The "Byte-cell" is a primitive organism inhabiting abandoned central processing units. It is an ordered sequence of cells, each of which can be one of $n$ types, numbered for simplicity from $1$ to $n$. A characteristic feature of the Byte-cell is its ability to replicate very rapidly.

In the first minute of its life, the Byte-cell consists of a single cell of type $1$. Every minute, cell replication occurs: each cell divides into a sequence of at least two cells.

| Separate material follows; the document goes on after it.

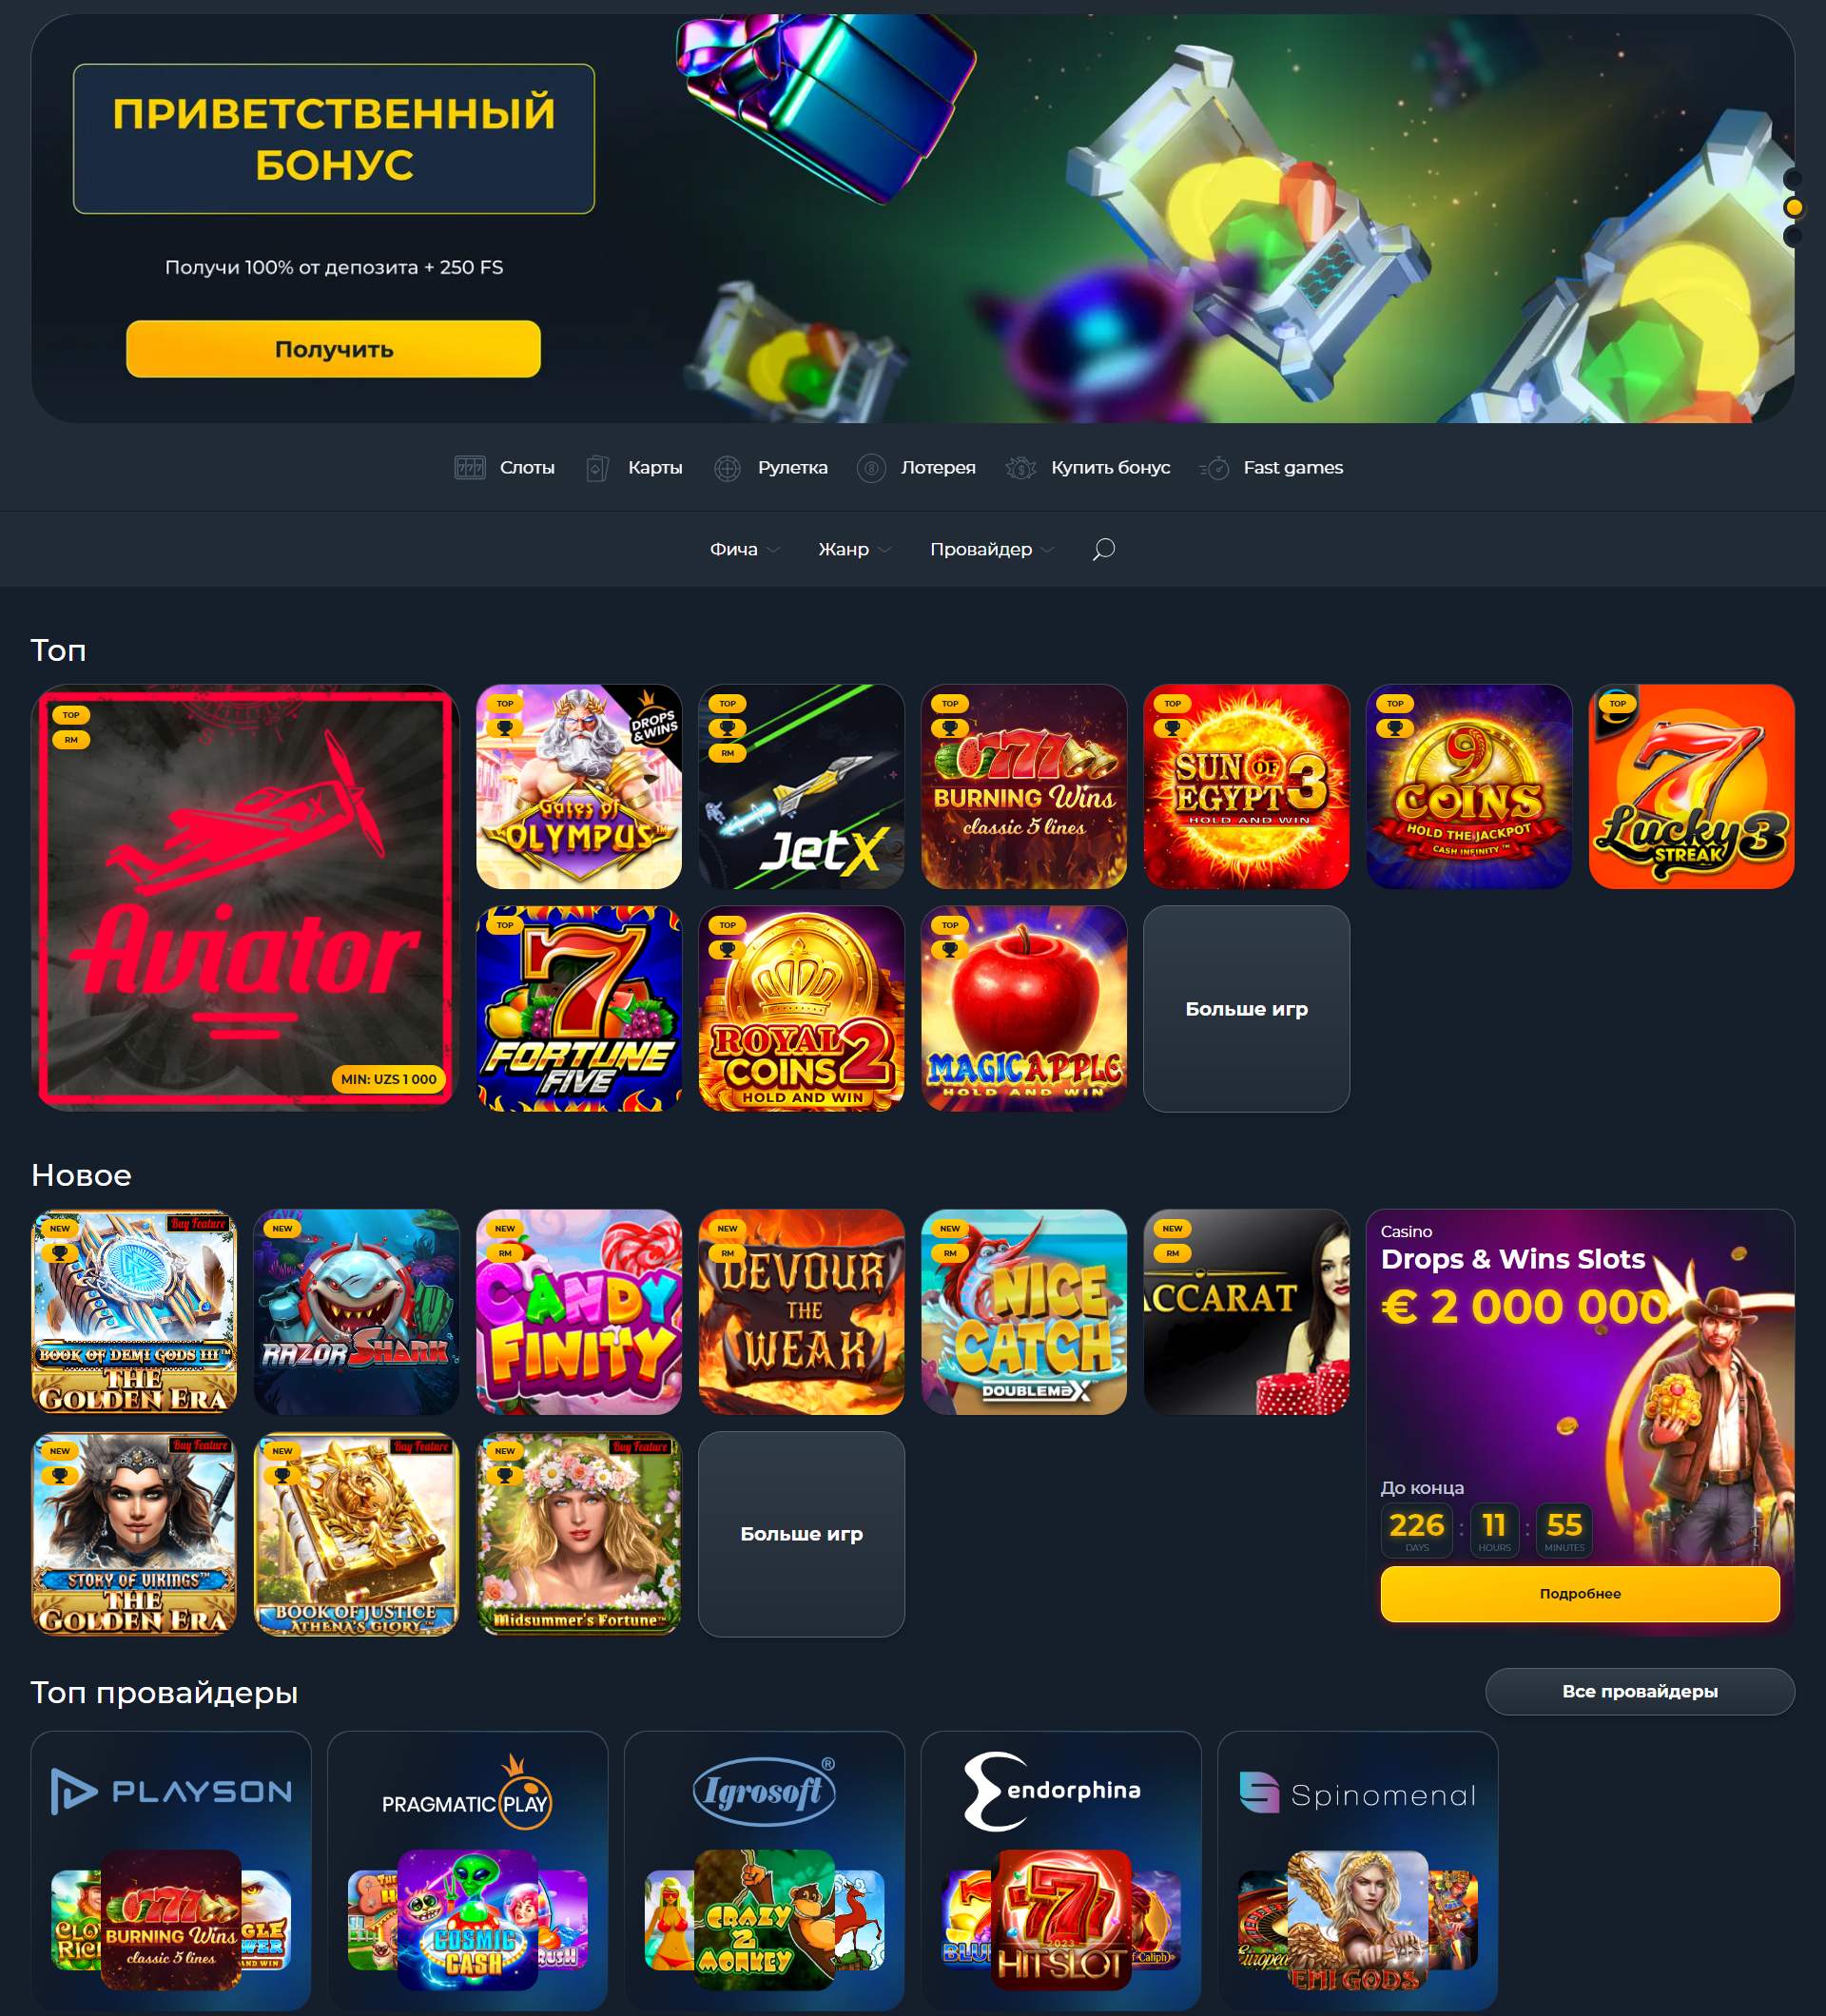 Vivi Casino - Онлайн-развлечения на высшем уровне

As a result of the division, cells of different types may be produced, but the division of a cell of type $k$ always results in the same sequence of cells $H(k) = h_{k,1}, h_{k,2}, \dots, h_{k,l_k}$. If in the $i$-th minute the Byte-cell consists of a sequence of cells $c_1, c_2, \dots, c_p$, then in the $(i+1)$-th minute it will consist of the sequence of cells formed by concatenating the sequences $H(c_1), H(c_2), \dots, H(c_p)$.

The Byte-cell reaches maturity when its sequence of cells contains a contiguous fragment that is a fixed sequence $S$ of consecutive cells of specific types.

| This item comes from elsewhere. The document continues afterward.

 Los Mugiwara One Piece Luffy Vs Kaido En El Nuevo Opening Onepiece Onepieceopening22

Bytean scientists would like to study the life of the Byte-cell more closely, and in particular, to determine the time that elapses from the beginning of the Byte-cell's life until it reaches maturity.

Input

The first line of input contains two integers $n$ and $m$ ($1 \le n \le 500$, $1 \le m \le 1000$), representing the number of possible cell types and the length of the sequence of cells $S$ that must appear as a contiguous fragment of the Byte-cell's sequence for it to be considered mature, respectively.

This is followed by $n$ lines describing the cell replications: the $i$-th of these lines starts with an integer $l_i$ ($l_i \ge 2$), followed by $l_i$ integers $h_{i,1}, h_{i,2}, \dots, h_{i,l_i}$ ($1 \le h_{i,j} \le n$) representing the sequence $H(i)$. The sum of all values $l_i$ does not exceed $1000$.

The last line contains $m$ integers in the range from $1$ to $n$ representing the types of consecutive cells that make up the sequence $S$.

Output

Your program should output the number of the first minute of the Byte-cell's life in which it reaches maturity. If the Byte-cell never reaches maturity, output $-1$.

Examples

Input 1

3 2
2 2 3
3 1 3 3
2 1 2
3 1

Output 1

3

Note

In the second minute of its life, the Byte-cell consists of the sequence of cells $H(1) = 2, 3$. In the third minute, it takes the form $H(2), H(3) = 1, 3, 3, 1, 2$, and thus reaches maturity because it contains the fragment $S = 3, 1$.